In a management buy-out, the management team have the potential to be surrounded by a number of conflicts of interest. The temptation to put their interests in pursuing the MBO ahead of all other duties and relationships may be huge. But as a recent case has shown, there can be serious consequences for those who do so. And if one member of the management team’s behaviour falls short, the others must step up, otherwise they all risk being held liable.
The case involved the fallout from an MBO of the UK subsidiary of a Swedish parent. The management team were the current UK directors: the selling shareholders were wholly reliant on the management team for information about the target. Unfortunately, the court found that during the process, the management team had deliberately misled the sellers about the financial position of the target by giving them out-of-date information.

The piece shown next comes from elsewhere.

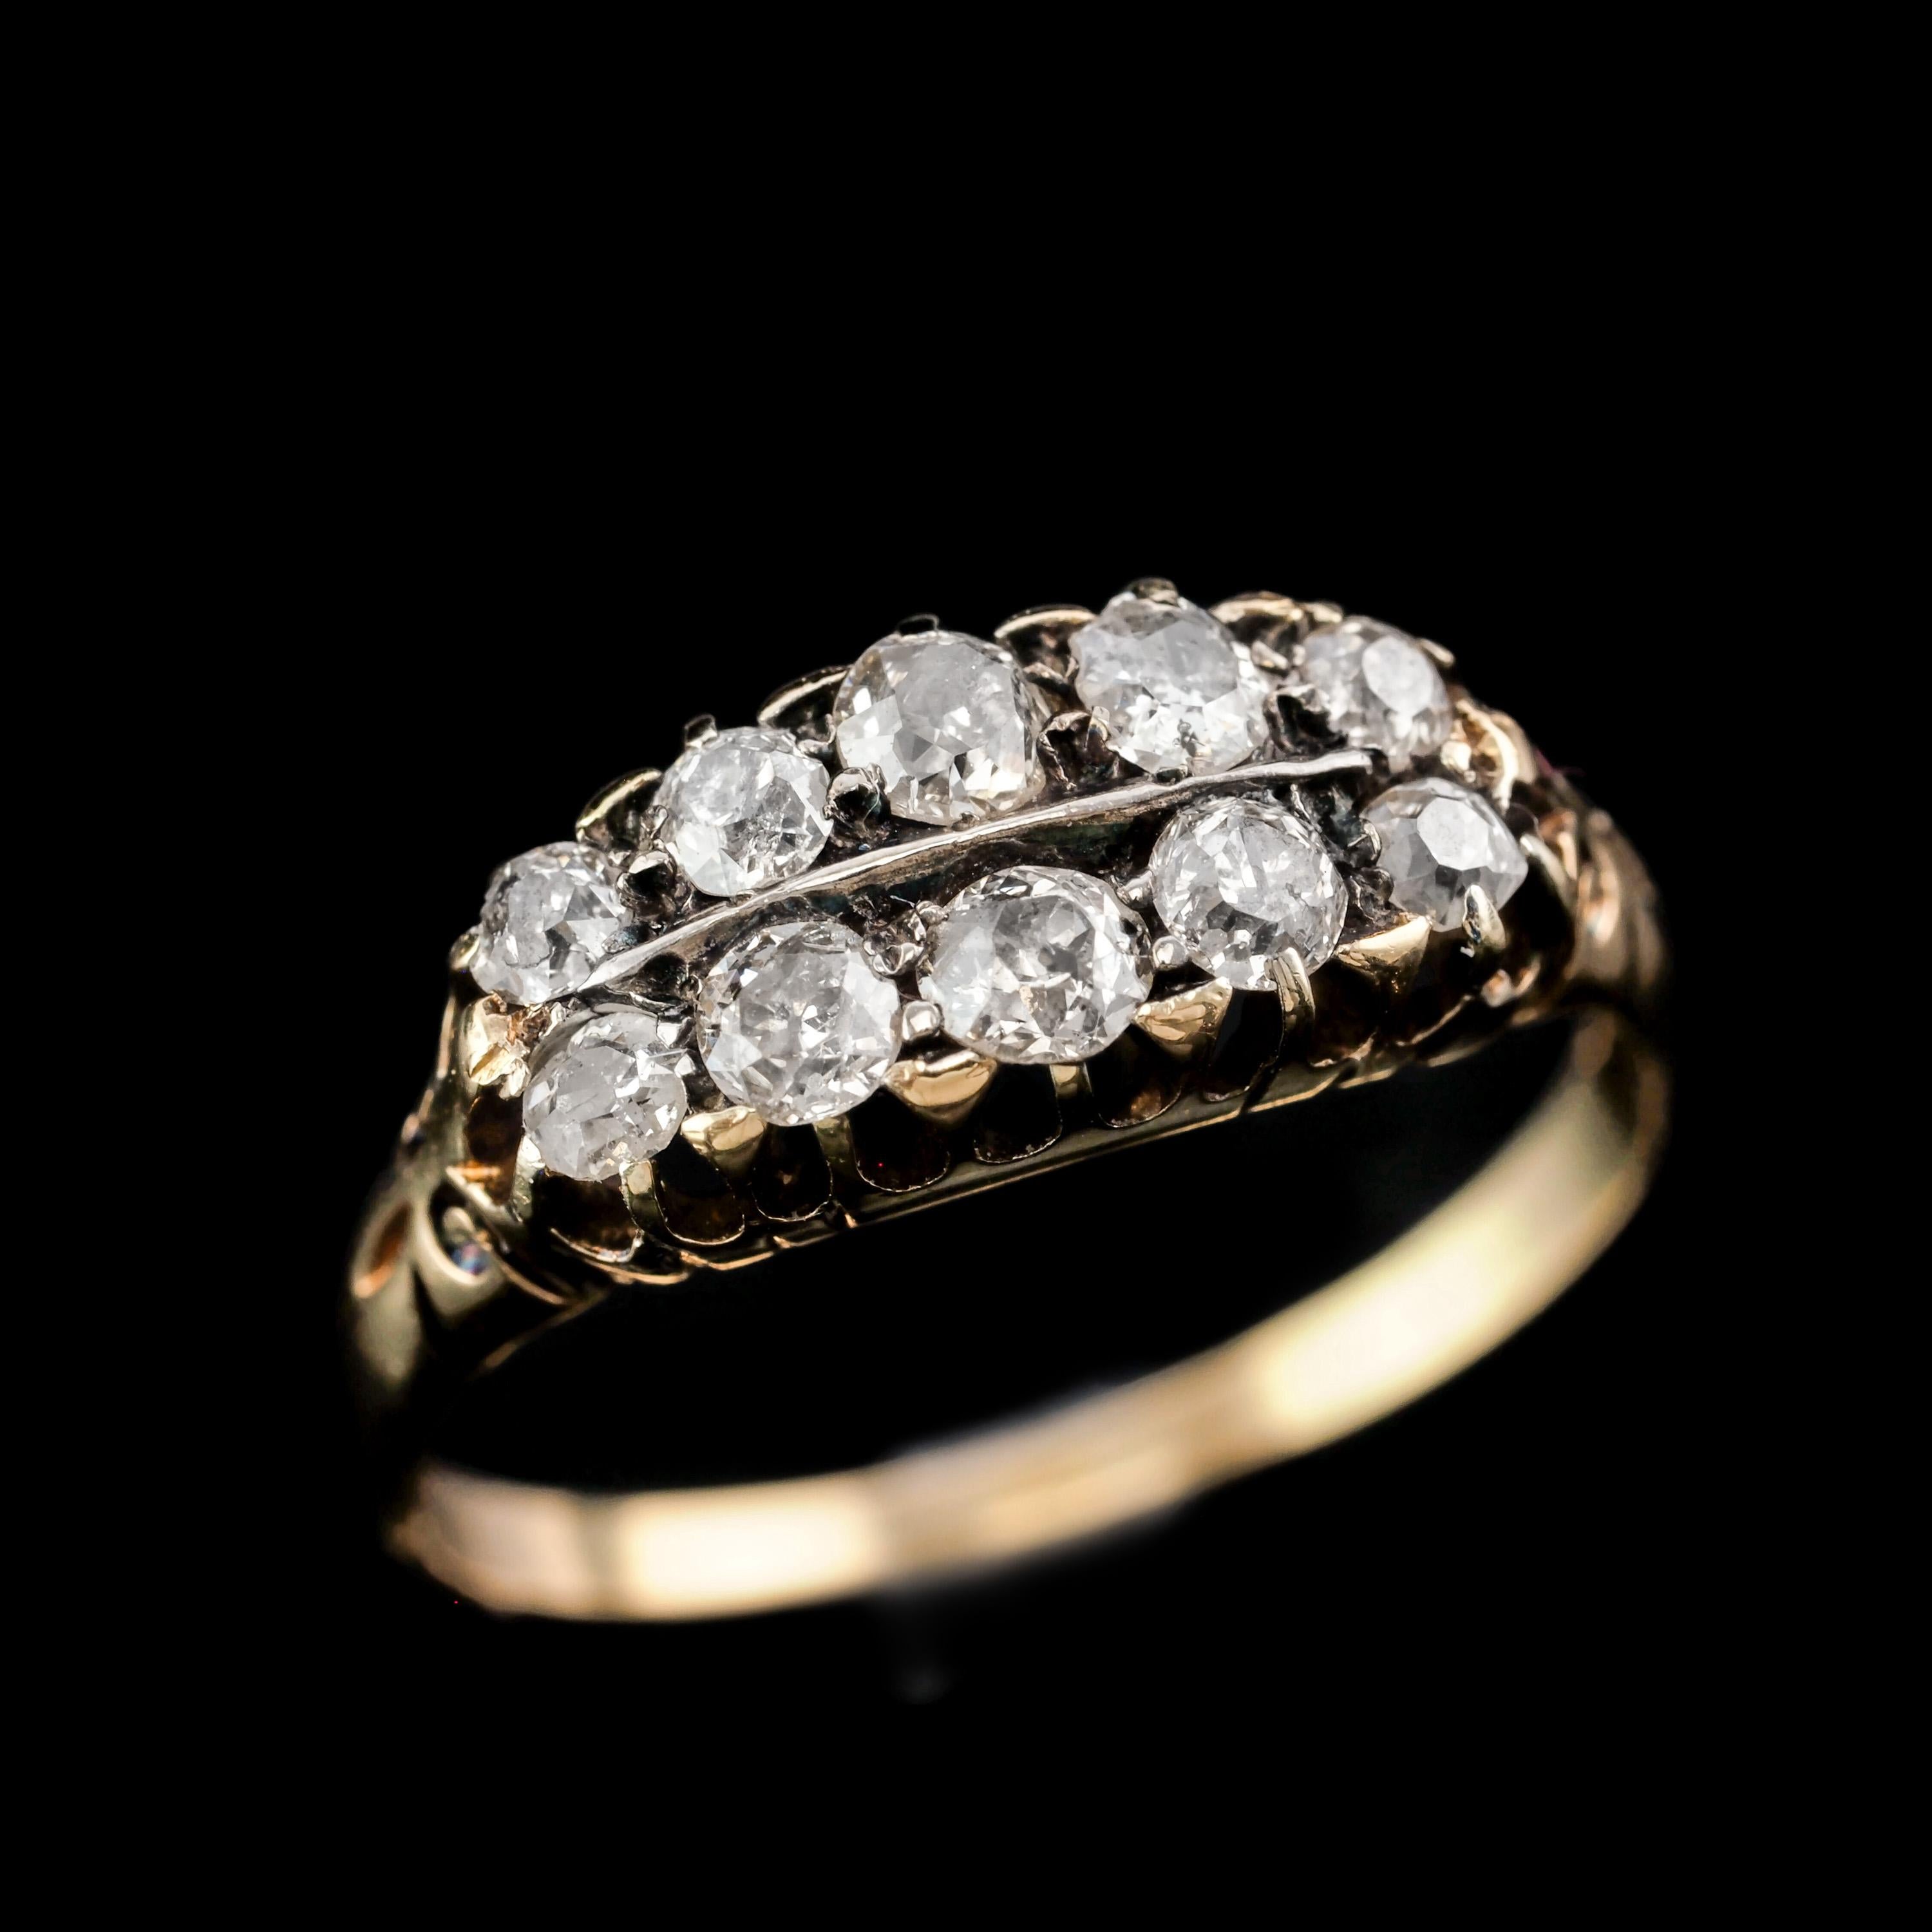 Antique Victorian 18K Gold Diamond Ring Old Cut - Boat Shaped c.1890 For Sale 11

The selling shareholders won their claim for deceit against the directors, who were ordered to pay more than £6 million in damages. Crucially, although the emails with the misleading information were sent by only one of the management team, the court found all three directors to be guilty of deceit because on balance – given that none of them corrected the information – the court held they were likely to have been acting in concert.
However, the sellers did not succeed in their argument that the management team were in a fiduciary relationship with the selling shareholders – meaning that they would have to put the interests of the sellers ahead of their own interests. Instead, the court confirmed the general position in English law that – although the directors of a company do of course owe fiduciary duties to the company itself – they do not, simply by virtue of their office, owe fiduciary duties to directly to the shareholders.

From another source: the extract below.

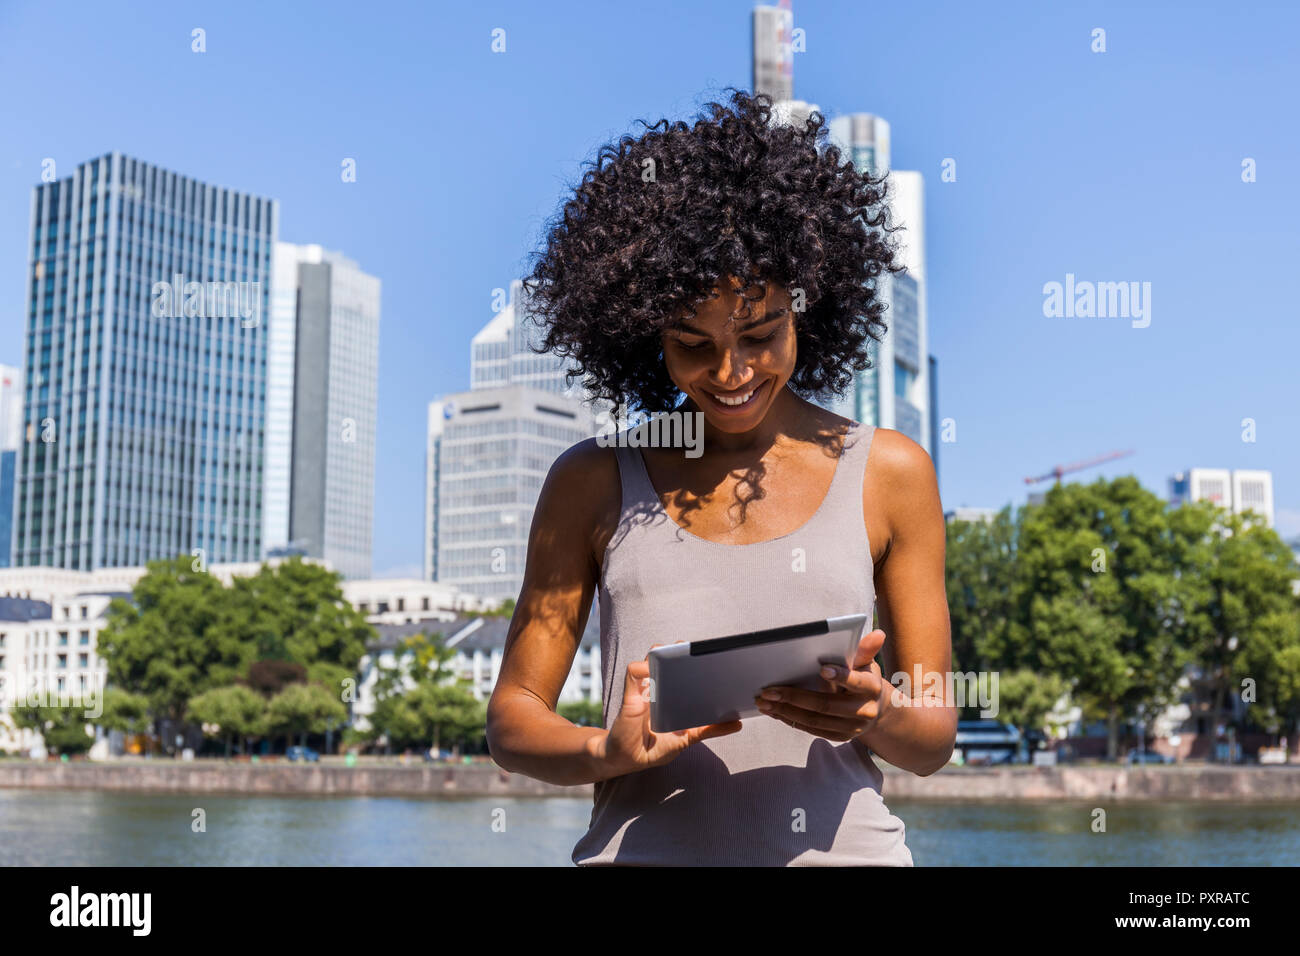 Germany, Frankfurt, smiling young woman with curly hair using tablet in the city Stock Photo

They will only owe those duties where there is on the facts of the particular case a “special relationship” between the directors and shareholders. These circumstances most often occur where companies are small and closely held, where there is a family or other personal relationship between the parties, and where there is a particular transaction involved where the directors are dealing with the shareholders from which they stand to benefit personally. All three factors were not present in this case.
- If a member of the management team is aware that misleading information has been sent out, they should seek to correct it themselves: a failure to correct a misleading impression given by one of the team could lead to liability for the whole team.
- If the target company is closely held by members of a family, the directors may owe fiduciary duties directly to the shareholders meaning that they will be obliged to put the interests of the shareholders first.